Era uma vez, num pequeno vale escondido no Monte Ararat, uma diminuta raça de gigantes que ali existia desde o princípio dos tempos. As altas falésias que rodeavam aquele vale fechado tinham impedido que o resto da humanidade ali se aventurasse.
Um desses gigantes era o bom pastor Osías, pai de Lilit, linda moça montanhesa de vários metros de altura. A jovem, que até era baixa para o seu povo, vivia só com o seu viúvo pai, senhor de um rebanho de centos de ovelhas.
O velho Osías sempre avisara sua filha para que nunca tivesse curiosidade pelo mundo, pois aqueles que se tinham atrevido a galgar aqueles penhascos íngremes, nunca tinham regressado, sabia-o o velho Mithi, que tinha o conhecimento dos antigos. Talvez que no princípio do mundo todos os homens fossem assim, e tivessem povoado aquele vale.
O vale era muito fértil e não era tão frio como ao princípio a grande altitude poderia fazer supor. Pontilhado aqui e ali de salgueiros e bétulas, era quase todo ele constituído por moreia, a qual dava pasto aos vastos rebanhos de ovelhas do povo de Lilit e albergava alguns coelhos, bem como perdizes e tetrazes. Não havia o costume de trabalhar a terra, e os gigantes viviam da carne e leite das ovelhas, de alguma caça e das bagas e morangos selvagens que colhiam.
Ora, mal o pai morreu, a jovem e linda Lilit começou a ser atormentada por desejos de deixar para trás o mundo limitado em que vivia, e saber o que existia para além das montanhas que cercavam o seu vale. Sem dizer nada a ninguém, carregou com bagas e linguiças um saco de pele de ovelha que colocou às costas e, numa noite de luar, começou a escalar de forma lenta, mas persistente um dos lados do vale, um que lhe pareceu mais baixo. Demorou horas a alcançar o topo, e depois começou a descer, percorrendo com a vista, pela primeira vez, um novo mundo.
Com medo do que pudesse encontrar, a jovem dormia de noite nas clareiras das florestas, que por vezes mal a ocultavam, e de noite corria, corria sem destino, fazendo tremer a terra por onde passava.
Andou assim até perder a noção do tempo. Sabia que estava cada vez mais quente e sentia o sol aquecê-la de uma forma agradável e terna. Muitas vezes passava fome, e via que os animais daquelas terras para pouco mais davam do que para uma refeição. Sentia-se cansada, e para aquela noite acoitou-se numa larga clareira, que havia num bosque. Contudo, nem o nascer do Sol a acordou, e quis o destino que dois caçadores, que andavam em busca de javalis a avistassem! Ficaram espantados com o tamanho daquela beldade, mas logo um deles, Archelocus, disse ao seu companheiro Diocles:
-Se capturassemos esta gigante, como seríamos bem recebidos na cidade!

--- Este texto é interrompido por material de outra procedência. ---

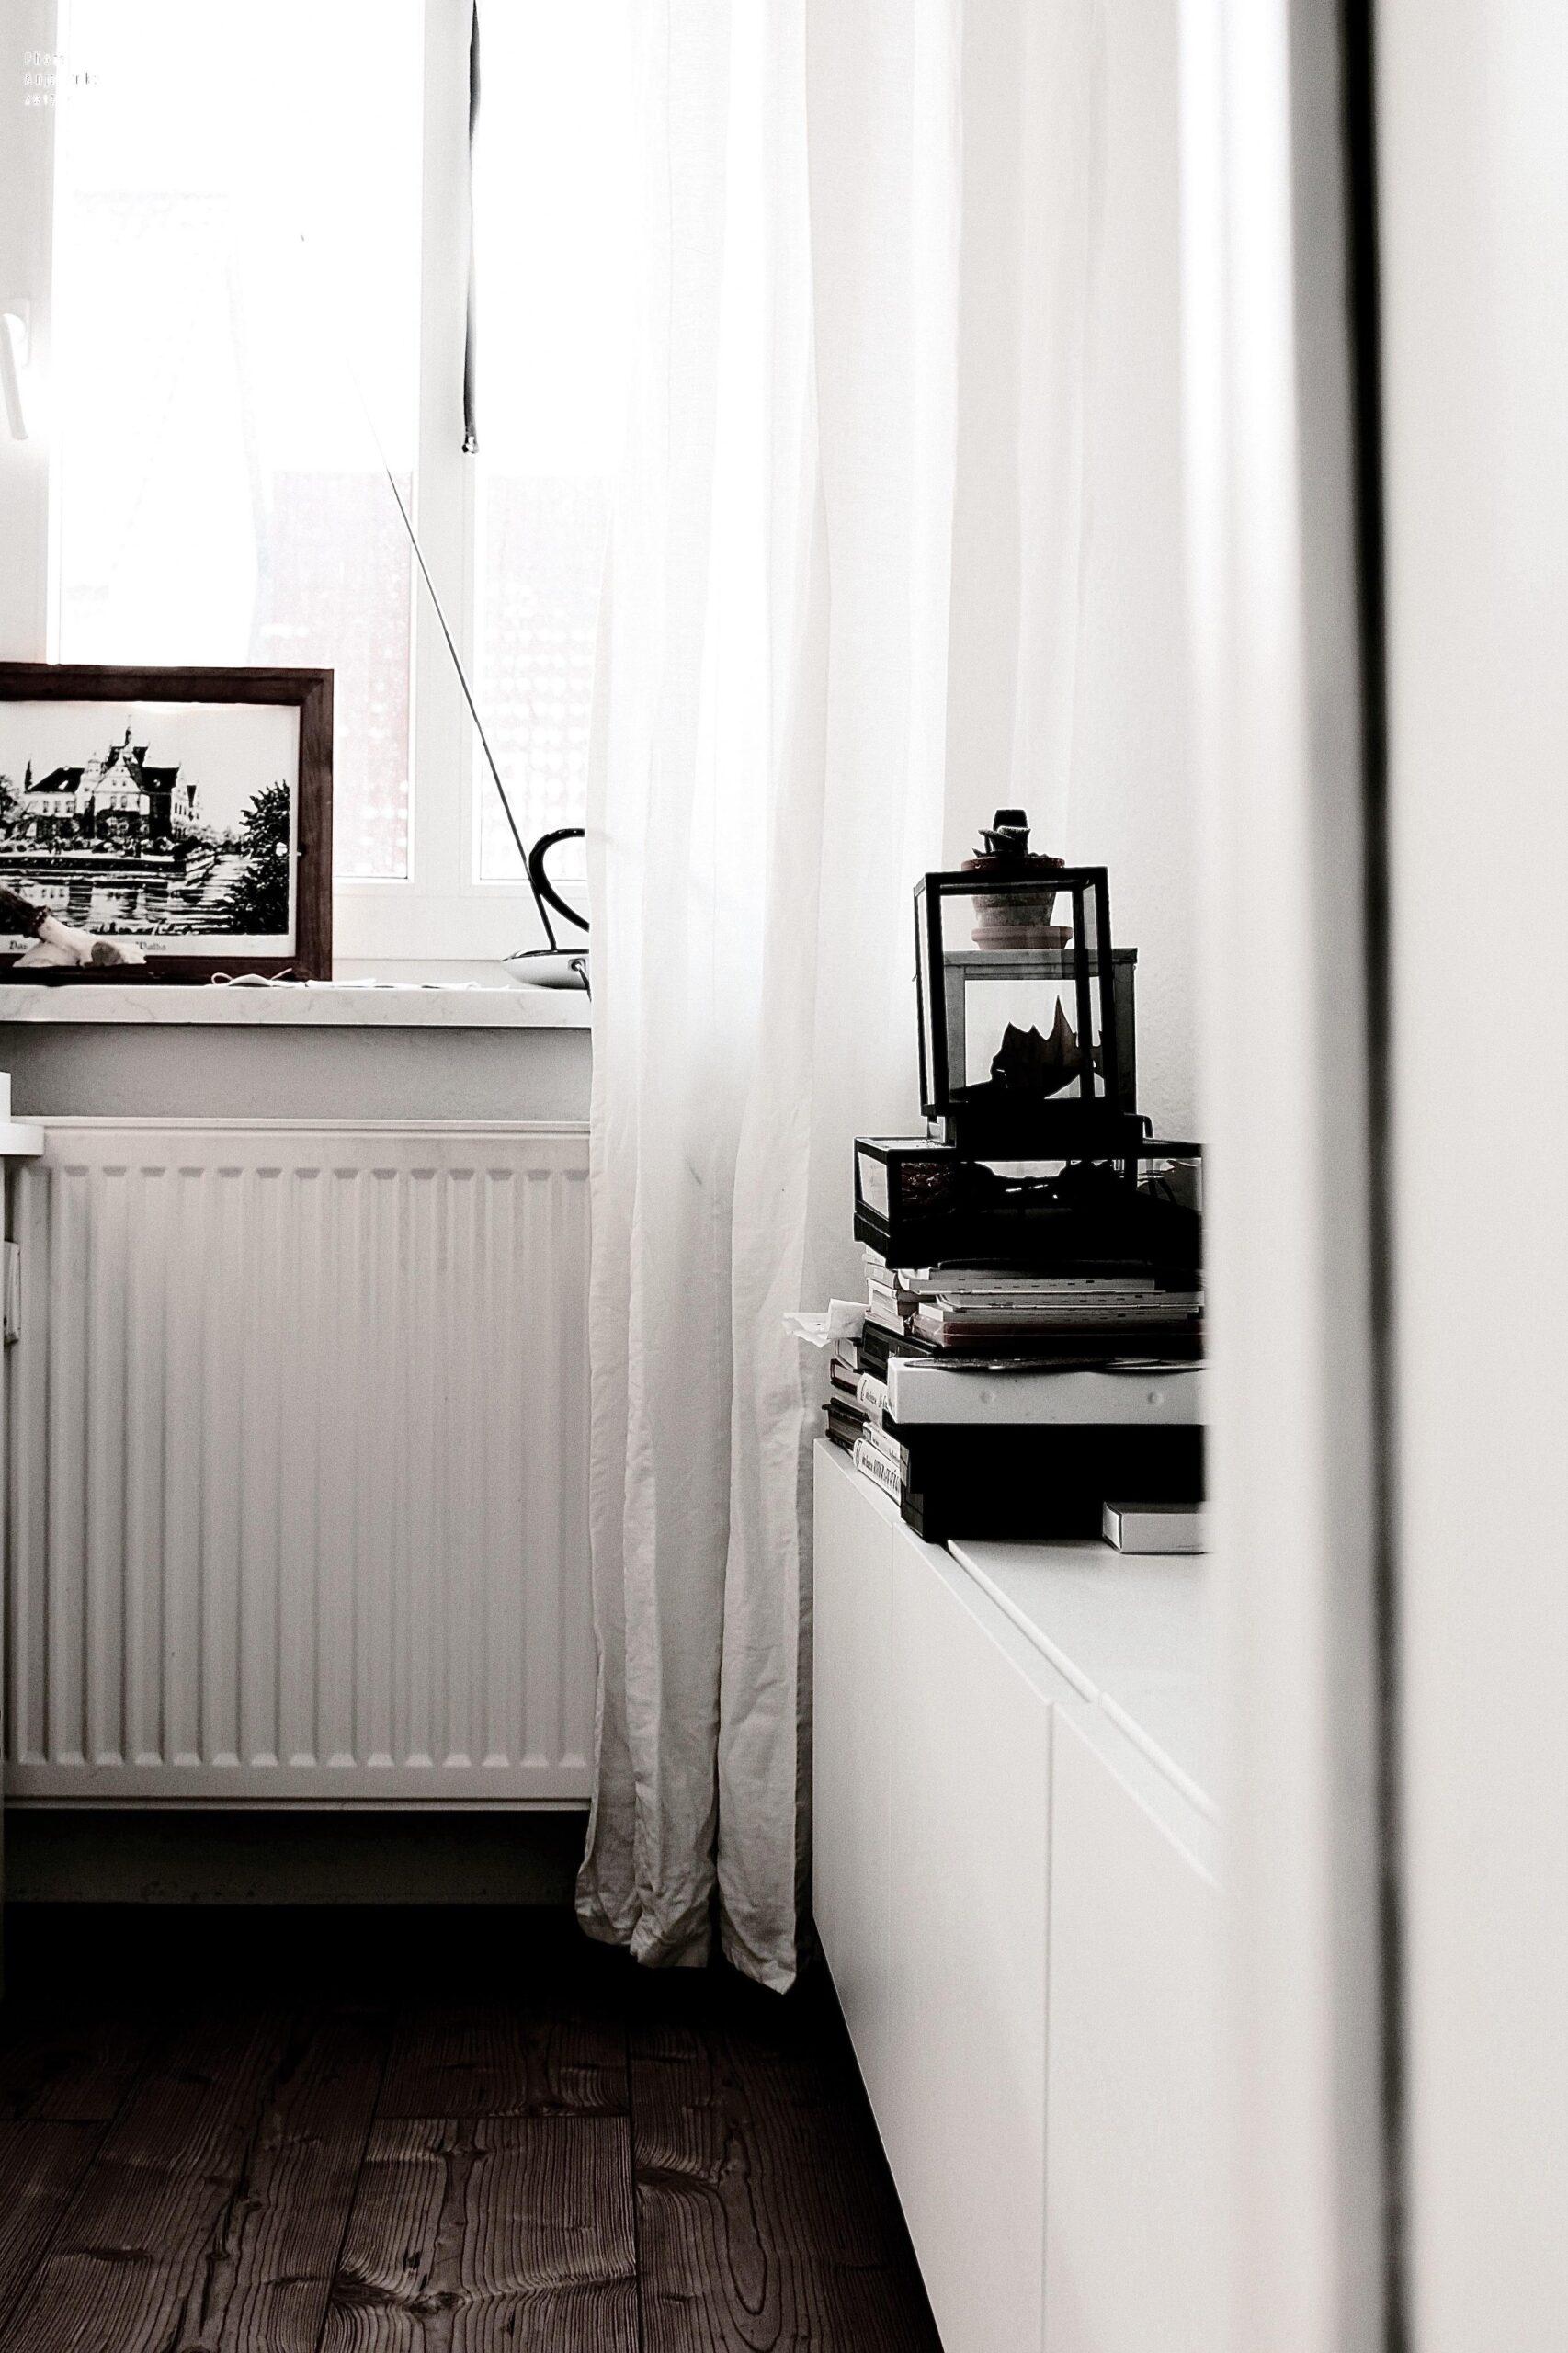 Full Size of Küche Holz Weiß Salamander Doppel Mülleimer Rückwand Glas Vorratsdosen Armaturen Einbauküche Gebraucht Raffrollo Arbeitsplatte Landhaus Gebrauchte Wohnzimmer Handtuchhalter Heizung Küche

-Ah, sim?-gozou o outro.-E como pensas capturar esta colossal criatura?
-Tu verás! Vamos rápido a minha casa, matar aquele carneiro que estava a guardar para a festa.
Os dois jovens homens afastaram-se num ápice, e em breve se atarefavam ali perto a derrubar o muro de um velho poço seco, que cobriram depois com ramagens de cedro e de oliveira. Junto ao poço, foi colocado o malogrado carneiro a assar no espeto. Quando Lilit finalmente despertou, logo sentiu com as suas grandes narinas o aroma do carneiro que assava, e sem cuidar de tomar grandes precauções, encaminhou-se, gulosa, na direcção do assado, acabando por tombar, com um grito ensurdecedor, dentro do poço, que o esperto Archelocus tinha utilizado como armadilha. A jovem só sofreu algumas escoriações, mas ficou um pouco atordoada com a queda.
Deixando Diocles a vigiar a jovem, Archelocus diriguiu-se à cidade de Megara, capital de Megaris, para chamar todos os que quisessem vir apreciar aquele espéctaculo.
Sempre amantes de uma boa confusão, em breve muitos cidadãos o seguiam, excitados. De regresso ao local onde a gigante estava aprisionada, acompanhavam-no também alguns soldados e políticos da República. Também lá ia o velho Eurykrates, que julgava prever grande fortuna para Mégara com a chegada daquela colossal mulher. Lilit continuava desfalecida, mas todos tiveram grande espanto ao contemplar aquela jovem de tão corpulentas dimensões. O velho sábio logo disse:
-Temos de construir uma gigantesca gaiola de ferro para aprisionar a gigante!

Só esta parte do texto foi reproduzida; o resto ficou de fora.